> _Exercise directions_: Could you retype every line of the data underneath without altering anything?

Dataset entries:
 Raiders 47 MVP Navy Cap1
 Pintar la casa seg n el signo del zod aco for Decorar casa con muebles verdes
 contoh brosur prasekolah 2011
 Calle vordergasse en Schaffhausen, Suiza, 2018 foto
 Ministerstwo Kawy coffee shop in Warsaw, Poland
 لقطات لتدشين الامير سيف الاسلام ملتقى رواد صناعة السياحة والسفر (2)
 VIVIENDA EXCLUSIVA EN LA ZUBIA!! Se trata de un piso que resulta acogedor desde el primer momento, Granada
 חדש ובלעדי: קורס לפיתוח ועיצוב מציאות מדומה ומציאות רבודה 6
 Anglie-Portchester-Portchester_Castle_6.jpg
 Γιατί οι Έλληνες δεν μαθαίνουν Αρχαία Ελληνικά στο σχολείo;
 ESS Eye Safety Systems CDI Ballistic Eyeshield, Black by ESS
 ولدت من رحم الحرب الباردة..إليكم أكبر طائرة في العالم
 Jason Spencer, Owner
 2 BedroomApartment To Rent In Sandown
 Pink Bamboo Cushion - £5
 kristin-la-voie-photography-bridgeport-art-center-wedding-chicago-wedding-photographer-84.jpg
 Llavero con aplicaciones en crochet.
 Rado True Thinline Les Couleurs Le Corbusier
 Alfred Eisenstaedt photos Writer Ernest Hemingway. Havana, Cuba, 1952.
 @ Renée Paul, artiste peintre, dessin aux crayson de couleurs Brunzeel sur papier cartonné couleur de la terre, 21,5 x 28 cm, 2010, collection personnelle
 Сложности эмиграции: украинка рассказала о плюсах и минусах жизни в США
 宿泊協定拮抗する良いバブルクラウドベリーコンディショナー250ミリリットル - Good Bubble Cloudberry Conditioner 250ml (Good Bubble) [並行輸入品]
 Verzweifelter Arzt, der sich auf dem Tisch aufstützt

> _Answer space_:
 Raiders 47 MVP Navy Cap1
 Pintar la casa seg n el signo del zod aco for Decorar casa con muebles verdes
 contoh brosur prasekolah 2011
 Calle vordergasse en Schaffhausen, Suiza, 2018 foto
 Ministerstwo Kawy coffee shop in Warsaw, Poland
 لقطات لتدشين الامير سيف الاسلام ملتقى رواد صناعة السياحة والسفر (2)
 VIVIENDA EXCLUSIVA EN LA ZUBIA!! Se trata de un piso que resulta acogedor desde el primer momento, Granada
 חדש ובלעדי: קורס לפיתוח ועיצוב מציאות מדומה ומציאות רבודה 6
 Anglie-Portchester-Portchester_Castle_6.jpg
 Γιατί οι Έλληνες δεν μαθαίνουν Αρχαία Ελληνικά στο σχολείo;
 ESS Eye Safety Systems CDI Ballistic Eyeshield, Black by ESS
 ولدت من رحم الحرب الباردة..إليكم أكبر طائرة في العالم
 Jason Spencer, Owner
 2 BedroomApartment To Rent In Sandown
 Pink Bamboo Cushion - £5
 kristin-la-voie-photography-bridgeport-art-center-wedding-chicago-wedding-photographer-84.jpg
 Llavero con aplicaciones en crochet.
 Rado True Thinline Les Couleurs Le Corbusier
 Alfred Eisenstaedt photos Writer Ernest Hemingway. Havana, Cuba, 1952.
 @ Renée Paul, artiste peintre, dessin aux crayson de couleurs Brunzeel sur papier cartonné couleur de la terre, 21,5 x 28 cm, 2010, collection personnelle
 Сложности эмиграции: украинка рассказала о плюсах и минусах жизни в США
 宿泊協定拮抗する良いバブルクラウドベリーコンディショナー250ミリリットル - Good Bubble Cloudberry Conditioner 250ml (Good Bubble) [並行輸入品]
 Verzweifelter Arzt, der sich auf dem Tisch aufstützt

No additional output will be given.